▶ Exercise requirements: Restate the following data in its entirety, word for word and without images.

▶ Data block:
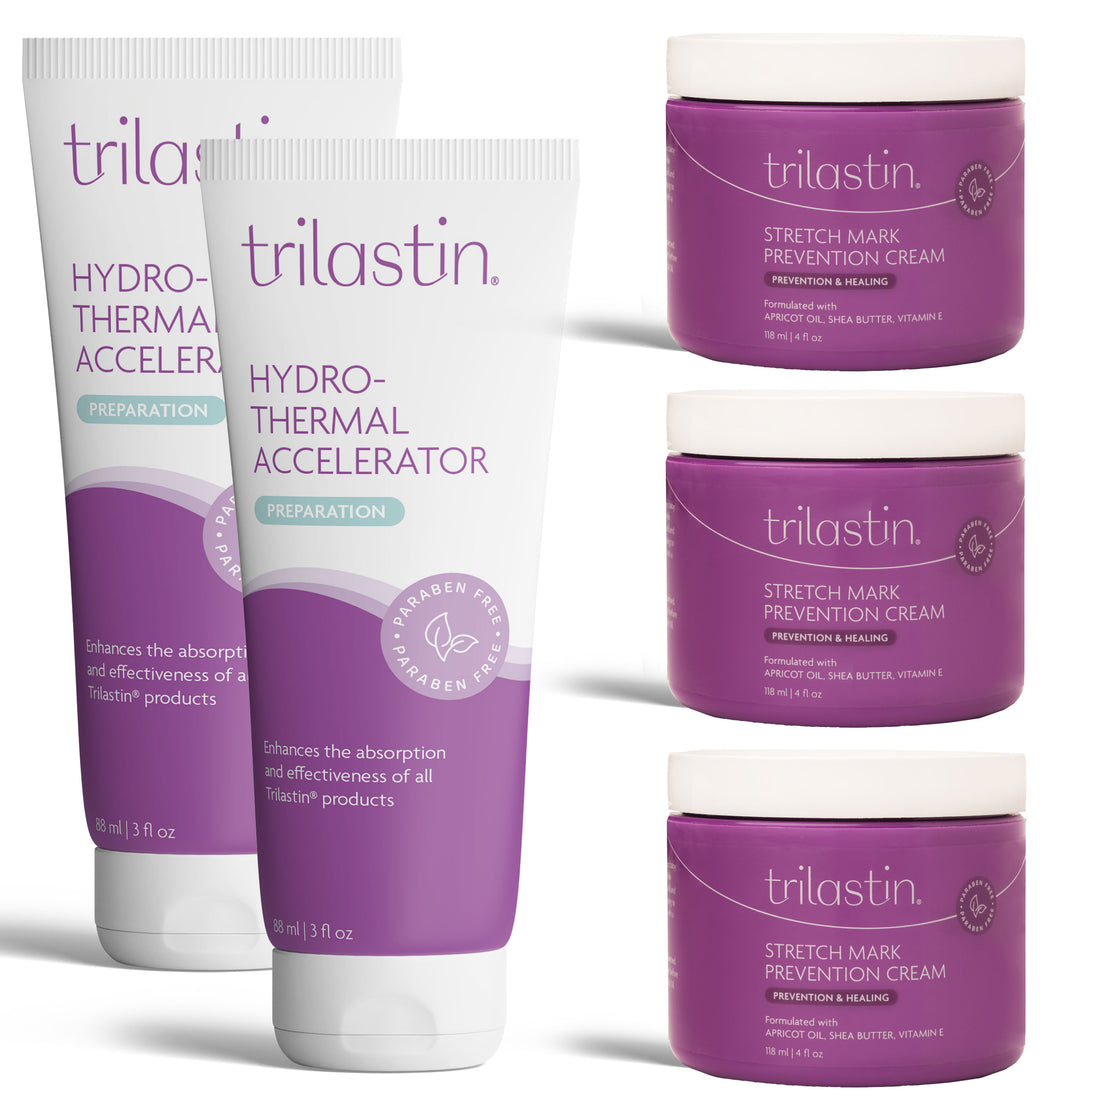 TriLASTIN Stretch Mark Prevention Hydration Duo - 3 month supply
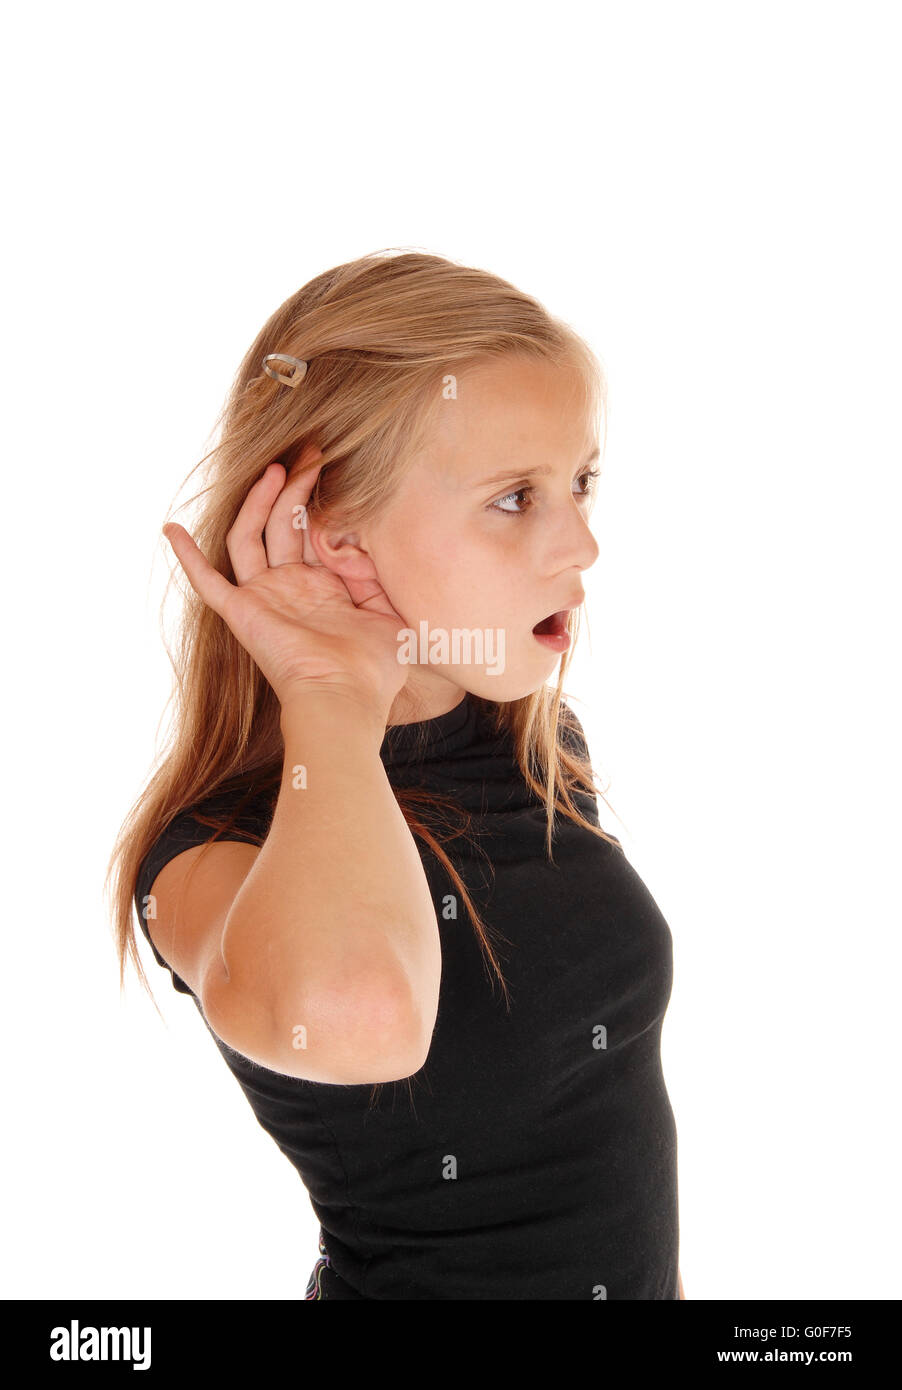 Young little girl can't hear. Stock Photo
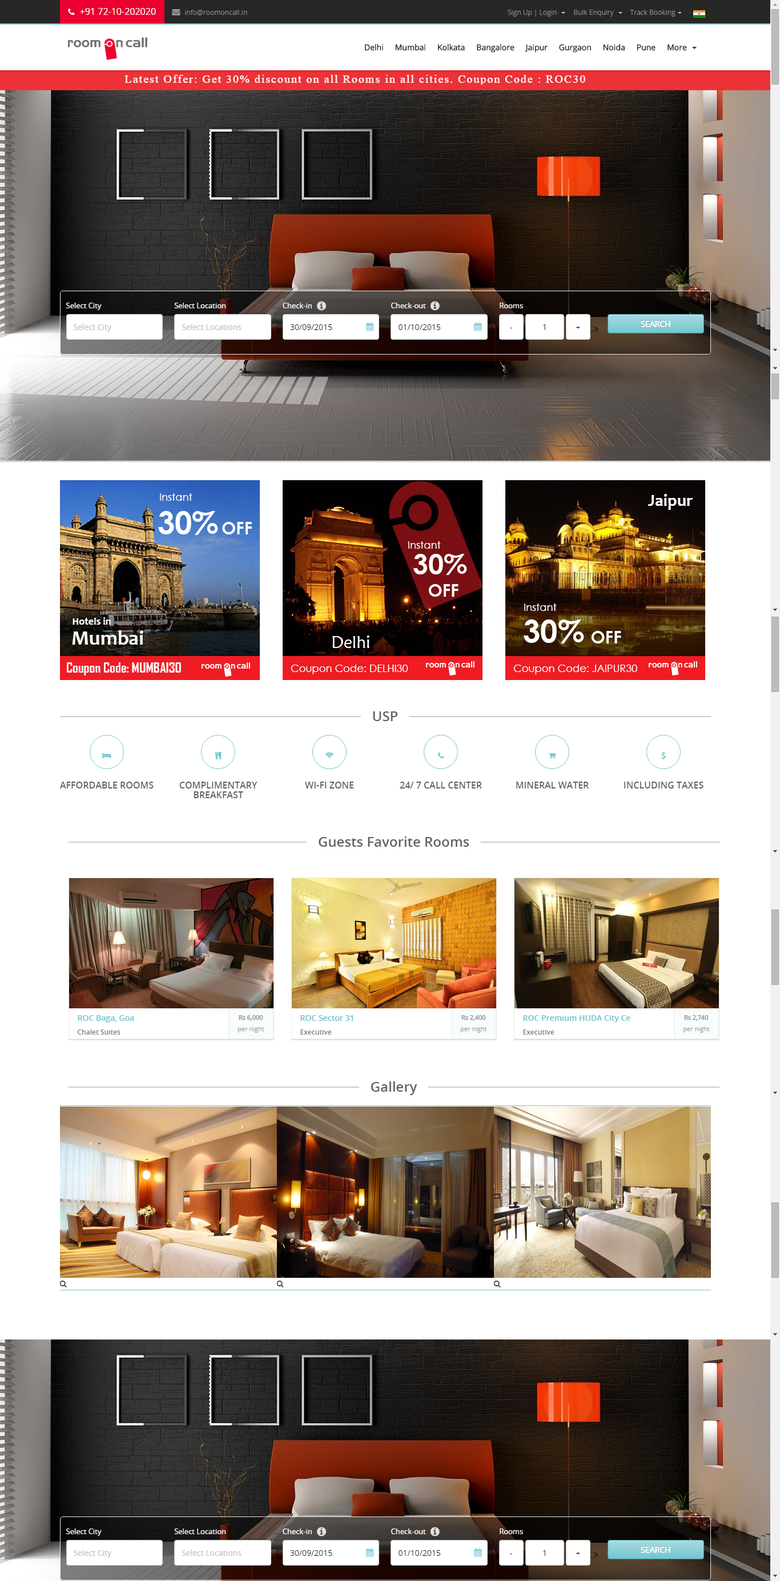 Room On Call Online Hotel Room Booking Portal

▶ Result of this task:
 TriLASTIN Stretch Mark Prevention Hydration Duo - 3 month supply
 Young little girl can't hear. Stock Photo
 Room On Call Online Hotel Room Booking Portal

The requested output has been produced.